Professor Vambrace, cold and cross, was leaning against a tree in the park which was on the other side of the street from the Fieldings’ house. To be fair to him, he would not have been noticed by anyone who was not on the lookout for him. He saw Cobbler hurry down the walk, cross the street until he was standing at the edge of the park directly in line with himself. And the Cobbler began to dance, and to sing in a very loud voice:

This is the way to the Zoo, the Zoo,
The Zoo, the Zoo, the Zoo;
The monkey cage is nearly full
But I think there’s room for you;
And I’ll be there on Saturday night
With a bloody big bag o’ nuts—
NUTS you bastard!
NUTS you bastard!
Bloody big bag o’ nuts!

The Professor attempted to creep away unseen among the trees, but even he could not deceive himself that the song was not an aggressive act of derision, aimed at himself. And all his detective enthusiasm melted from him, leaving him naked to his own scorn. For the Professor, who was immoderate in self-esteem, was similarly immoderate in his condemnation of himself, and as he strode swiftly toward his home he hated himself as a buffoon who had spent an evening, ridiculously dressed, stumbling among garbage cans, skulking among trees, and spying on people who had, unquestionably, spent the whole evening comfortably indoors, laughing at him. Not only was it bitter to be mocked; it was worse still to feel that he was worthy of mockery.

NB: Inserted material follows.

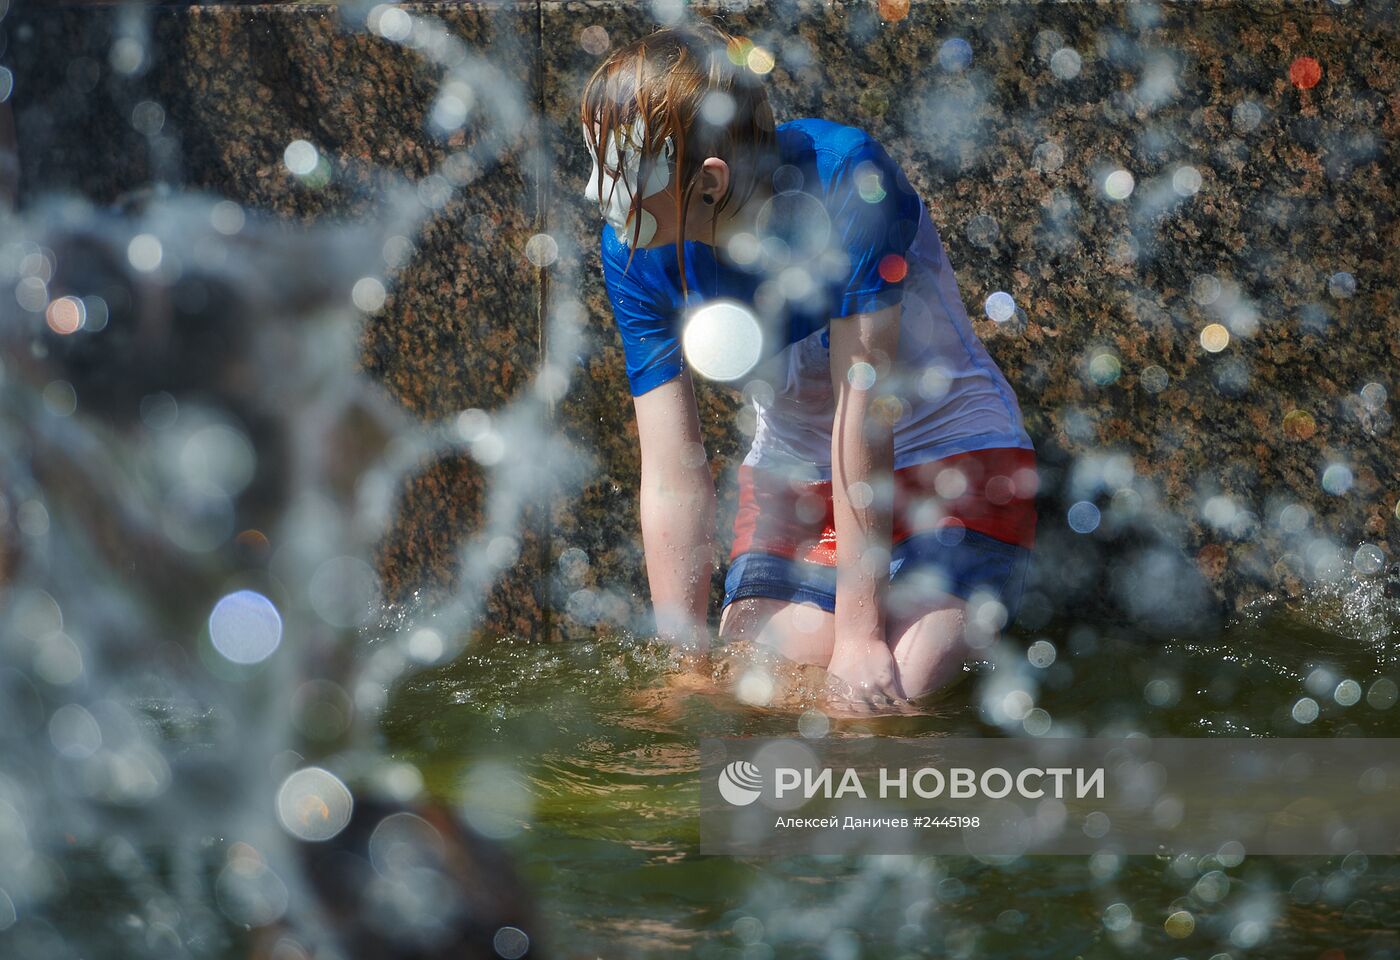 Флешмоб "Водяная битва" в Санкт-Петербурге

Dutchy and Norm were a little surprised that their party ended so soon. But immediately after refreshments had been served the guests showed a restless eagerness to leave, excepting Jimmy the dentist and one or two others whose thirst for organized Whee was not fully slaked. Solly and Pearl spoke in undertones over their coffee.

“Come on. I’ll take you home.”

“You will not.”

“Don’t argue. Get your things.”

“Don’t speak to me like that. I’ll go by myself.”

“And chance what Dutchy will have to say about it? You come with me. I’ve got to talk to you.”

“I don’t want to talk to you.”

“Yes you do. Don’t be a fool. We’ve got to get together about this thing or we’ll never hear the end of it.”